NACI also said vaccines from different manufacturers for other illnesses are routinely mixed as long as they show similar effectiveness, target the same populations, and use similar antigens, a molecule on the outside of a virus that makes it unique.
Tam said the NACI decision is entirely driven by the risk of vaccine-induced thrombotic thrombocytopenia.

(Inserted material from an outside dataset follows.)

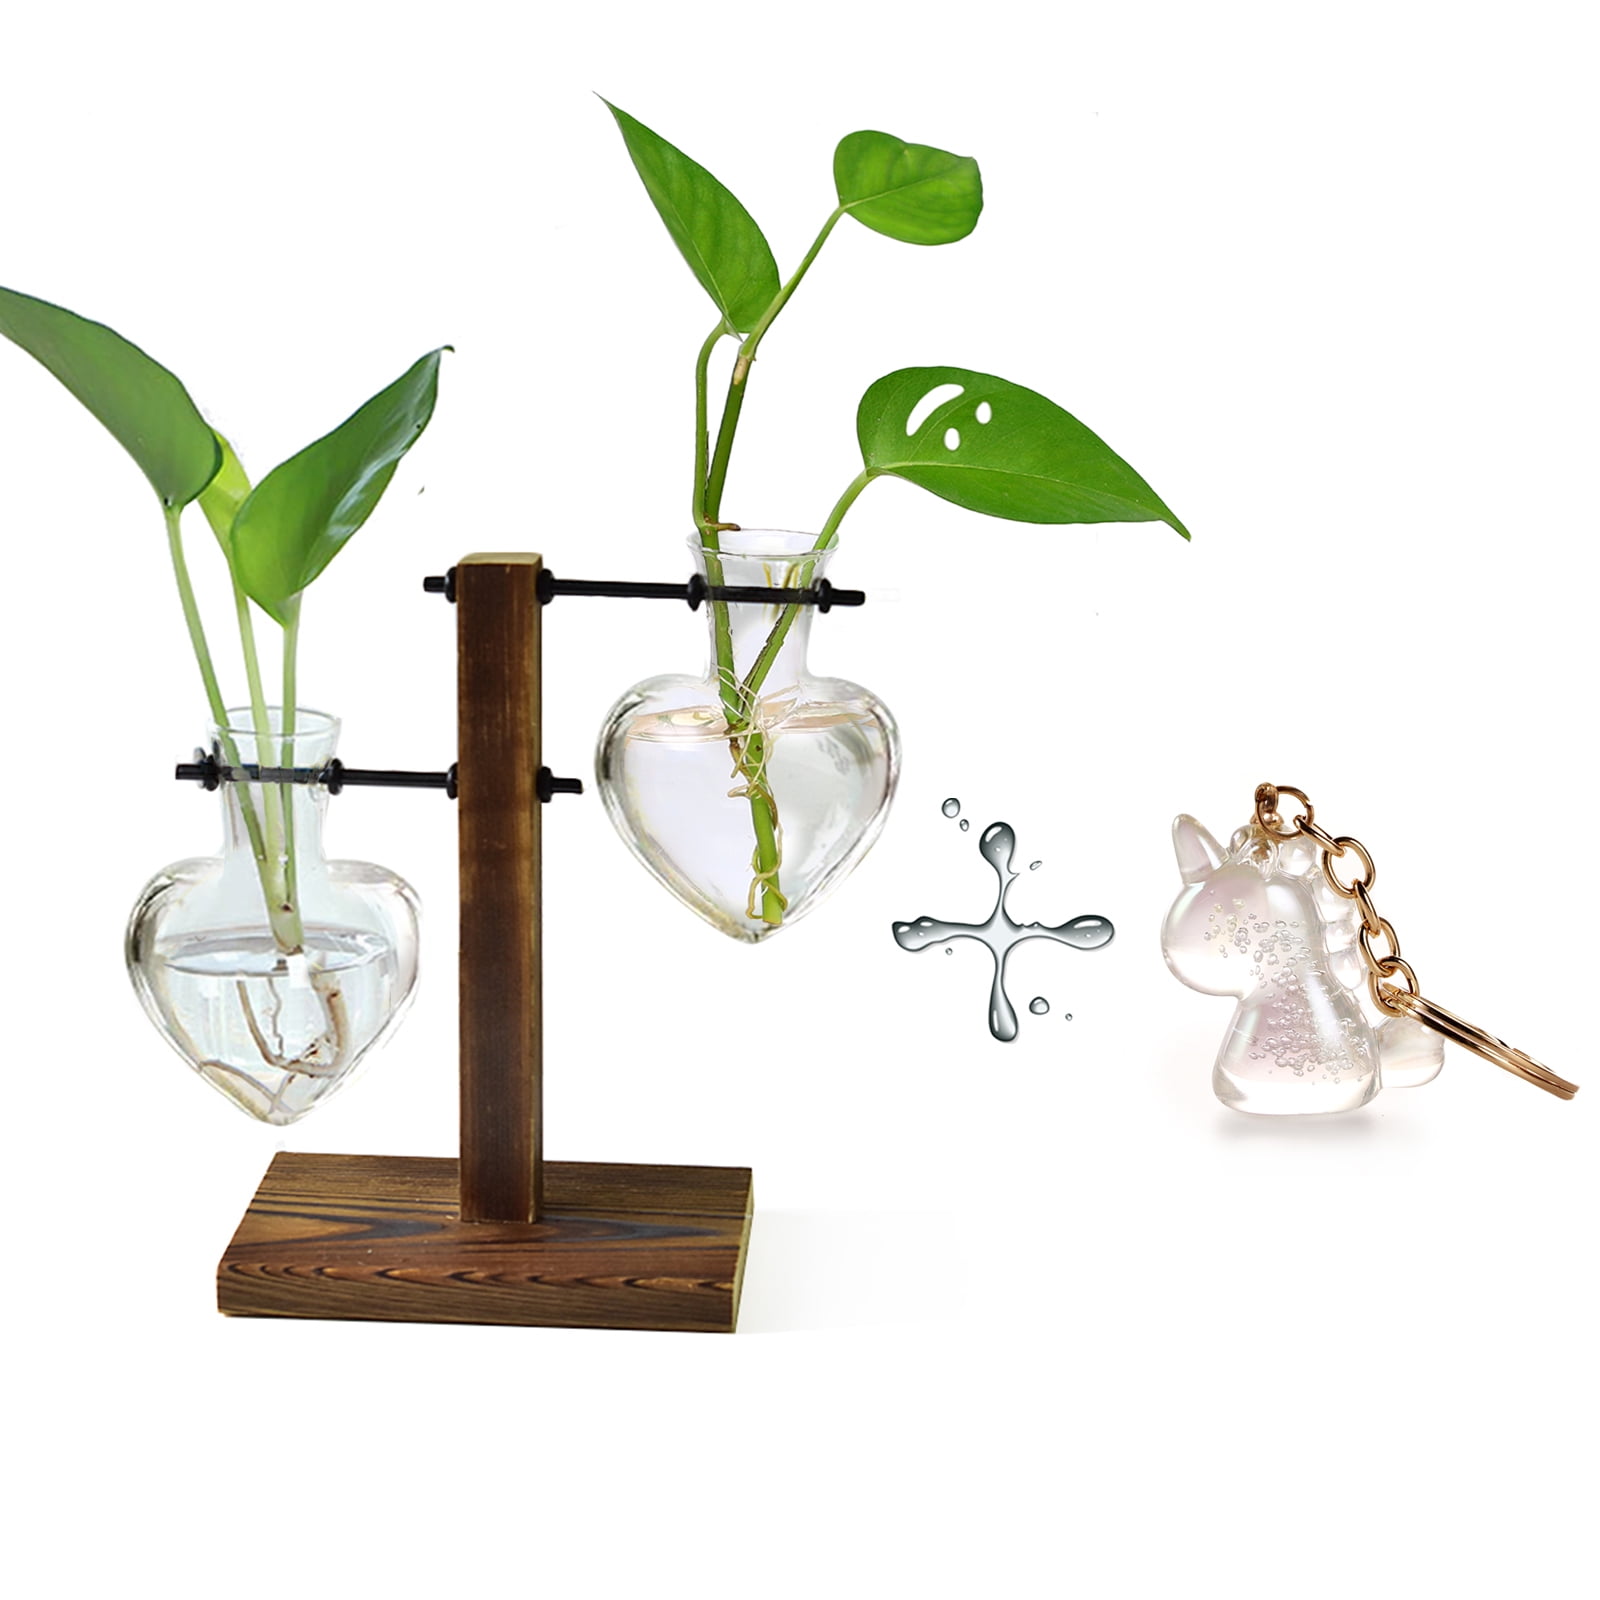  XXXFLOWER Plant Terrarium with Wooden Stand, Air Planter Bulb  Glass Vase Metal Swivel Holder Retro Tabletop for Hydroponics Home Garden  Office Decoration - 3 Bulb Vase : Patio, Lawn & Garden

“If it wasn’t for that, then probably one would progress with giving the same dose as the second dose,” she said.
Canada joins Denmark, Finland, France, Germany, Sweden, Norway and Spain among countries mixing and matching vaccines because of the risk of VITT.
Alberta, Saskatchewan, Nova Scotia and Prince Edward Island moved immediately to begin offering AstraZeneca recipients a second dose of an mRNA vaccine if they wish, joining Manitoba which did so Monday, and Quebec, which began allowing it last week.
“While AstraZeneca is still a good choice, we will offer Albertans a choice,” said Alberta Health Minister Tyler Shandro Tuesday afternoon.
Quebec still recommends people get the same vaccine for their second dose and noted the risk of VITT is about one in 60,000 people for the first dose, but about one in 600,000 after the second.
NACI’s guidance did not stipulate a preference for which vaccine AstraZeneca recipients should get second.
NACI says for people who got Pfizer or Moderna first, the second dose should be the same unless supply issues prevent that.
AstraZeneca Canada issued a written statement responding to the advice, saying they will continue to work to understand the reports of rare blood clots, but that the vaccine is safe and effective against COVID-19. It has been authorized in more than 80 countries.
“We fully respect the recommendations outlined today by NACI in their advisory role for the use of COVID-19 vaccines in Canada,” the statement says.
Forty-one Canadians have now had a confirmed or suspected case of VITT and five have died, out of almost 2.2 million people who received the vaccine to date.
More than 1.5 million Canadians got AstraZeneca as a first dose before NACI advised on April 23 that AstraZeneca doses should only be given to people over the age of 30, who were at high risk of contracting COVID-19, or of getting seriously ill from it.
Ontario and Quebec both reported their lowest daily case totals since the fall Tuesday — 699 in Ontario, the lowest since mid-October, and 208 in Quebec, the lowest since September.
Quebec Premier Francois Legault — still basking in the Montreal Canadiens NHL playoff series victory over the Toronto Maple Leafs Monday night — was all smiles as he told Montreal residents they will be able to dine at a restaurant next week for the first time since Oct. 1.
“Things are going very well everywhere in Quebec,” Legault said in French.
Alberta Premier Jason Kenney said his province had just 209 new cases Tuesday, down from more than 2,000 a day a month ago, and thanked Albertans for getting vaccinated and helping to “crush the spike” in COVID-19 cases.
“This is where we start to live the promise these vaccines have brought,” said Kenney.
Ontario is still mired in heated arguments about whether schools can reopen for the final weeks of the school year with cabinet discussing the issue Tuesday. Ontario schools have been closed since mid-April.
The province’s stay-at-home order expires Wednesday, but it doesn’t change much, with non-essential retail still limited to curbside service only, and all restaurants restricted to takeout, currently until June 14.